Showing that $Y = \cup_{n=1}^\infty Y_n$ is dense over the Hilbert $H$.

Question

Source of question : Trying to prove that if the Hilbert $H$ has an orthonormal basis, then it is separable.

Elaboration :

Let $H$ be a Hilbert space and $\{e_n : n \in \mathbb N\}$ an orthonormal basis of $H$.

Let $Y_n$ be the space such $\forall n \in \mathbb N$ :

$$Y_n = \bigg\{\sum_{i=1}^nq_ie_i : q_i \in \mathbb Q\bigg\}$$

I know that every such $Y_n$ is measurable, because $Y_n$ is (I don't know the word in English - apologies!) with $\mathbb Q_n$, because every element of it is written as a linear combination of $q_1,\dots,q_n$. Now, I know that if $Y = \cup_{n=1}^\infty Y_n$, then $Y$ is measurable as a union of measurable sets.
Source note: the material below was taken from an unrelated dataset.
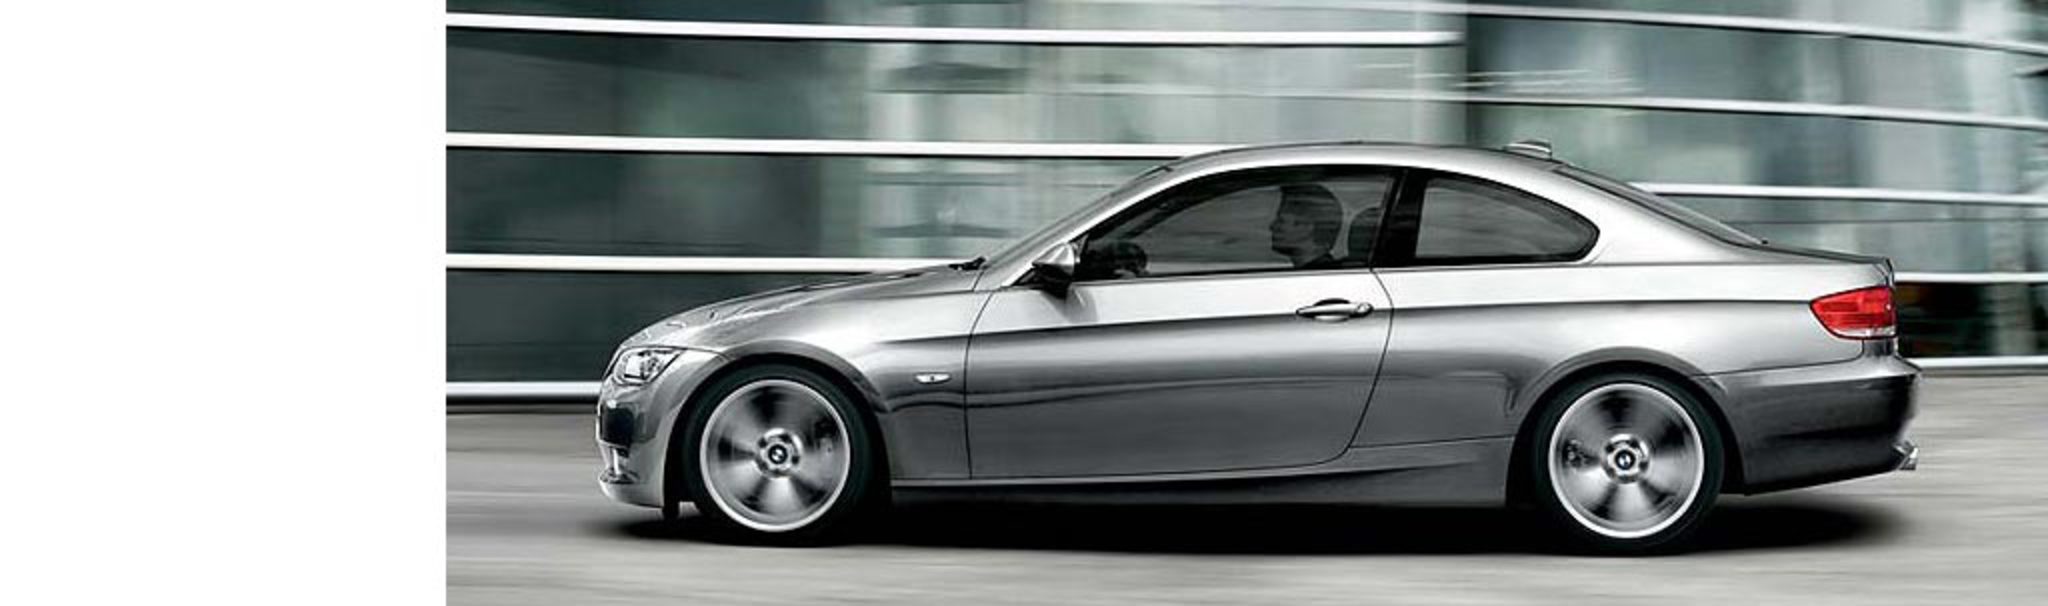 BMW 320d coupÃ©. 128 g/km de CO2. Construction légère, gestion de l'énergie,

Now, $Y$ is dense over $H$, but this is the part that I cannot show.

I know I need to show that $\forall x \in H$ and $\varepsilon >0$, $y \in Y$ it is $\| x-y\| < \varepsilon$.

Since $\{e_n\}$ is an orthonormal basis of $H$, then every $x \in H$ can be written as : $$x = \sum_{n=1}^\infty \langle x, e_n\rangle e_n$$

Thus the desired norm becomes :

$$\bigg\|\sum_{n=1}^\infty \langle x, e_n\rangle e_n - y\bigg\|$$

How should I continue now to prove $\|x-y\| < \varepsilon$ aka that $Y$ is dense over $H$ and complete my proof ?

Answer 1

I'm assuming that this is a real Hilbert space. Following the definition, $H$ is separable if it contains a countable dense subset.
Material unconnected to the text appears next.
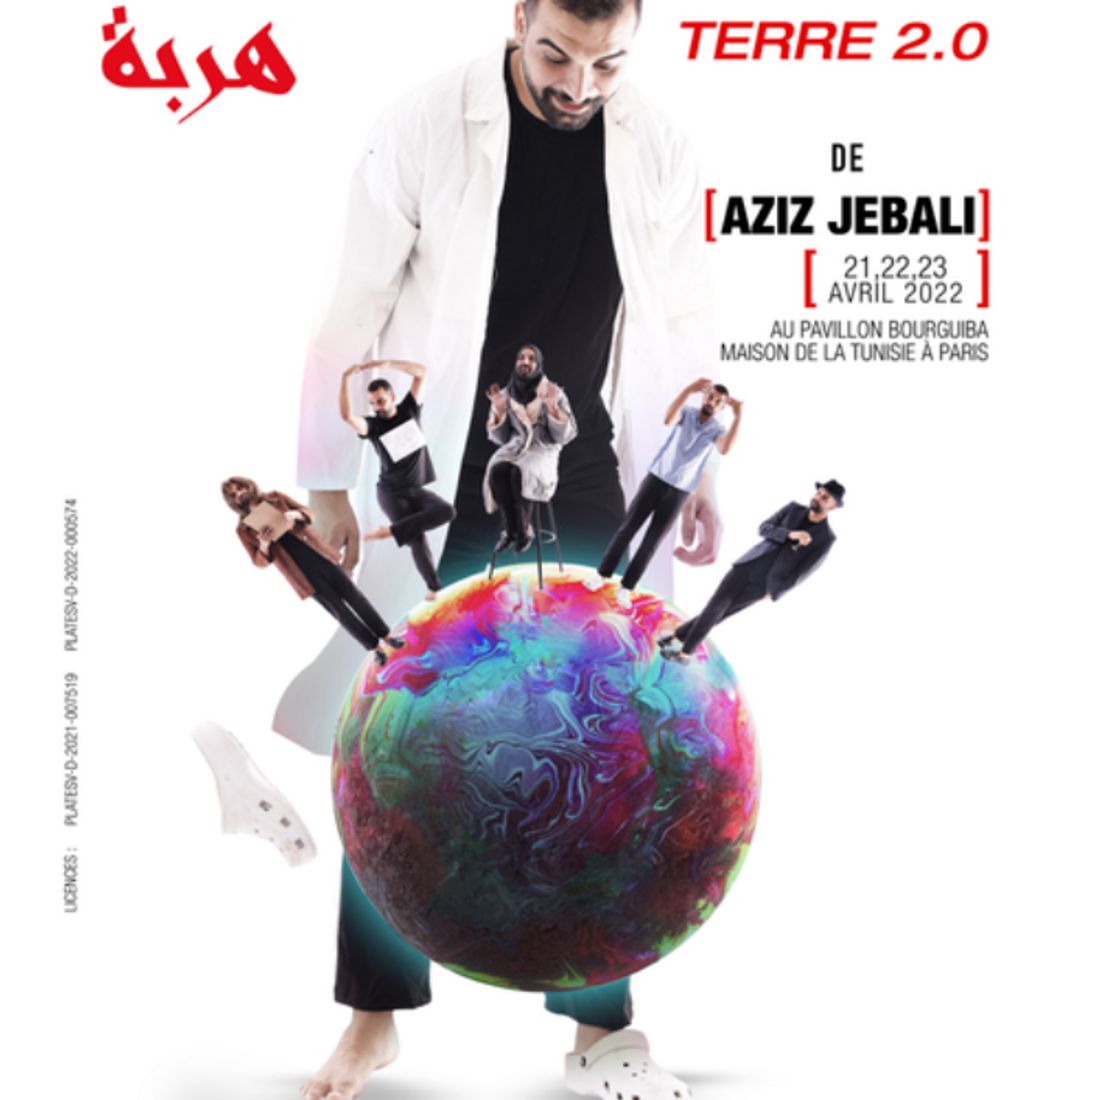 Aziz Jebali : un acteur tunisien à Paris

You already found the subset $Y\subset H$; there only remains to prove that it is countable and dense in $H$.

In order to prove the latter, you already noticed that any element $x$ of your Hilbert space may be written as a combination $x=∑_{i=1}^∞⟨x,e_i⟩e_i$. The other important observation is that Parseval's Identity holds, namely $$\| x \|^2=∑_{i=1}^∞|⟨x,e_i⟩|^2.$$

Since $\| x \|$ is a finite quantity, it follows that the tail $∑_{i=N}^∞|⟨x,e_i⟩|^2 \to 0$ as $N\to \infty$. You can then choose $N$ so that the tail is small, say $∑_{i=N}^∞|⟨x,e_i⟩|^2 < \epsilon_1$ and approximate the first $N$ coordinates by $q_1, \dots, q_N \in \mathbb Q$ the same way that you would in the proof that $\mathbb Q^N$ is dense in $\mathbb R^N$.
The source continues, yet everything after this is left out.